Covid-19’s impact on tax
One of the next victims of the virus is likely to be the tax revenue that funds services to Johannesburg residents. The municipality’s revenue dropped in April and it is considering further relief mechanisms for ratepayers. Rebates on property rates, from which the municipality derives most of its revenue, water, electricity and refuse removal are already in force.
“The City has to align budgeted programmes … to ensure that a more prudent approach to fiscal management of the current budget is adhered to,” said member of the mayoral committee for finance Jolidee Matongo. The City’s divided council has yet to pass the amendments to its budget for the year.
Aids and TB
Sub-Saharan Africa could experience a high number of deaths from Aids-related illness if there are any interruptions to the provision of HIV services in the region during the Covid-19 pandemic, according to the World Health Organization and United Nations Programme on HIV/Aids (UNAIDS).
The exercise they undertook estimates that an interruption of antiretroviral therapy for six months could lead to 500 000 additional deaths from Aids-related illnesses, as well as tuberculosis, in 2020 and 2021.
“The exercise is not meant to say that this is what is happening, but to think ahead. To know in case there are interruptions, what should we prioritise. And also prepare where we can so that we don’t have those interruptions,” UNAIDS community support adviser Christoforos Mallouris told New Frame.
Back to school?
There’s still uncertainty around the reopening of schools. In Limpopo, the Department of Basic Education was taken to court to stop the reopening of schools.
“The Department of Basic Education welcomes the judgment by the Limpopo high court, which dismissed an application by the Tebeila Institute of Leadership, Governance and Training,” said the department. Further details about plans to resume schooling are scheduled to be announced on Monday 18 May.
Police Minister Bheki Cele visited Pietermaritzburg and Durban in KwaZulu-Natal, where residents continued to violate lockdown regulations.
In Pietermaritzburg, several roadblocks reportedly found that people were failing to abide by even the basic lockdown regulations of social distancing and wearing a mask.

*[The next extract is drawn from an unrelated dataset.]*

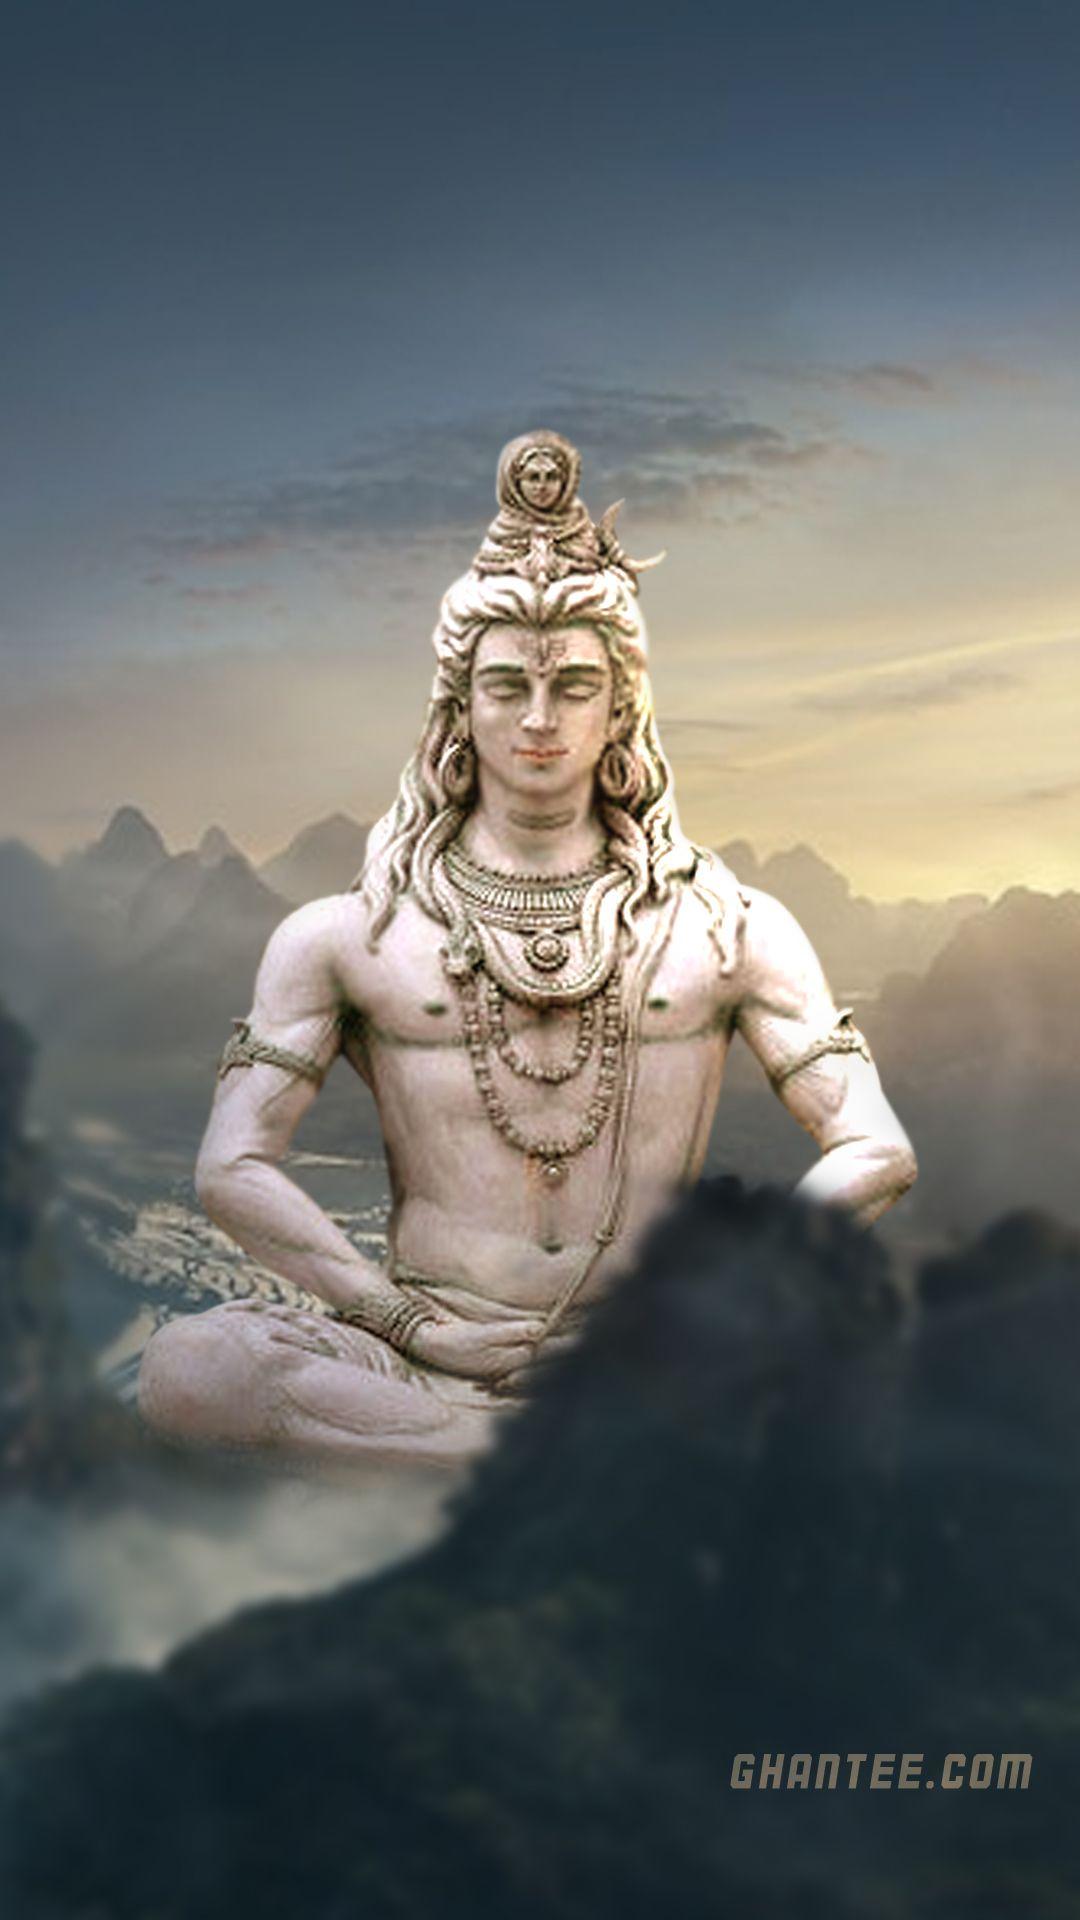 Lord Shiva Giant Meditating Statue Wallpaper Lord Shiva Hd Wallpaper Lord Shiva Mahadev Hd Wallpaper Full hd lord siva images hd 1080p

Cele expressed concern about the increasing number of Covid-19 cases as well as the public’s seemingly nonchalant attitude towards the spread of the virus.
“Physical distancing, masks and sanitisers are things that they have never heard of,” Cele reportedly said while issuing a stern warning about how things will get worse if people continue to ignore the regulations, particularly at level four of the government’s lockdown.